- **PROBLEM**: Can you restate the records below word for word?

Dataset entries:
╭──
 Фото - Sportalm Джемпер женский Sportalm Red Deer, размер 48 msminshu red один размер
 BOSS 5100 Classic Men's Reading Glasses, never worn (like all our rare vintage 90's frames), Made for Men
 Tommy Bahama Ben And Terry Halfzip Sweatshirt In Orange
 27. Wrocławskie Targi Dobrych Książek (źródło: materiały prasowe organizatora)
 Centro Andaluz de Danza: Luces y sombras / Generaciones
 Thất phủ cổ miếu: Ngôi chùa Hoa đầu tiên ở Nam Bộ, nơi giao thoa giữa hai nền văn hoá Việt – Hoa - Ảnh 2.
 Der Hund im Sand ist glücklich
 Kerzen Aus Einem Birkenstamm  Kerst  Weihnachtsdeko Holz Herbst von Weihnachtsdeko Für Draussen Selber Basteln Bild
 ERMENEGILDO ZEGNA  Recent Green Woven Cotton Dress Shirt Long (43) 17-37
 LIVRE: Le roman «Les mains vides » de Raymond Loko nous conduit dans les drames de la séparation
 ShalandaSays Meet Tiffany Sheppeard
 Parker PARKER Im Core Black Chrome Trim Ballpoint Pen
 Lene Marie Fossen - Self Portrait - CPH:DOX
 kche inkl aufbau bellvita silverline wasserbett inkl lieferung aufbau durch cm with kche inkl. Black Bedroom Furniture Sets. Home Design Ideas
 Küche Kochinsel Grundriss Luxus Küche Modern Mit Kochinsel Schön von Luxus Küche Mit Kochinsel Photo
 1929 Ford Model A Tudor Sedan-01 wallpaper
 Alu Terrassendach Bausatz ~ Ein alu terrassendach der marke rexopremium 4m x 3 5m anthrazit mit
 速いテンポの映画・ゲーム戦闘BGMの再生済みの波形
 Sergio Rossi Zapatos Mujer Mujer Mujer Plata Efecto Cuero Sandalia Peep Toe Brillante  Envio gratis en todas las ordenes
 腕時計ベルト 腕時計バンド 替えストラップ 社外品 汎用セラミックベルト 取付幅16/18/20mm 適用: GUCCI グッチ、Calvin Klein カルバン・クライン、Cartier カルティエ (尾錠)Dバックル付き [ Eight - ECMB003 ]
╰──
- **EXPECTED ANSWER**:
 Фото - Sportalm Джемпер женский Sportalm Red Deer, размер 48 msminshu red один размер
 BOSS 5100 Classic Men's Reading Glasses, never worn (like all our rare vintage 90's frames), Made for Men
 Tommy Bahama Ben And Terry Halfzip Sweatshirt In Orange
 27. Wrocławskie Targi Dobrych Książek (źródło: materiały prasowe organizatora)
 Centro Andaluz de Danza: Luces y sombras / Generaciones
 Thất phủ cổ miếu: Ngôi chùa Hoa đầu tiên ở Nam Bộ, nơi giao thoa giữa hai nền văn hoá Việt – Hoa - Ảnh 2.
 Der Hund im Sand ist glücklich
 Kerzen Aus Einem Birkenstamm  Kerst  Weihnachtsdeko Holz Herbst von Weihnachtsdeko Für Draussen Selber Basteln Bild
 ERMENEGILDO ZEGNA  Recent Green Woven Cotton Dress Shirt Long (43) 17-37
 LIVRE: Le roman «Les mains vides » de Raymond Loko nous conduit dans les drames de la séparation
 ShalandaSays Meet Tiffany Sheppeard
 Parker PARKER Im Core Black Chrome Trim Ballpoint Pen
 Lene Marie Fossen - Self Portrait - CPH:DOX
 kche inkl aufbau bellvita silverline wasserbett inkl lieferung aufbau durch cm with kche inkl. Black Bedroom Furniture Sets. Home Design Ideas
 Küche Kochinsel Grundriss Luxus Küche Modern Mit Kochinsel Schön von Luxus Küche Mit Kochinsel Photo
 1929 Ford Model A Tudor Sedan-01 wallpaper
 Alu Terrassendach Bausatz ~ Ein alu terrassendach der marke rexopremium 4m x 3 5m anthrazit mit
 速いテンポの映画・ゲーム戦闘BGMの再生済みの波形
 Sergio Rossi Zapatos Mujer Mujer Mujer Plata Efecto Cuero Sandalia Peep Toe Brillante  Envio gratis en todas las ordenes
 腕時計ベルト 腕時計バンド 替えストラップ 社外品 汎用セラミックベルト 取付幅16/18/20mm 適用: GUCCI グッチ、Calvin Klein カルバン・クライン、Cartier カルティエ (尾錠)Dバックル付き [ Eight - ECMB003 ]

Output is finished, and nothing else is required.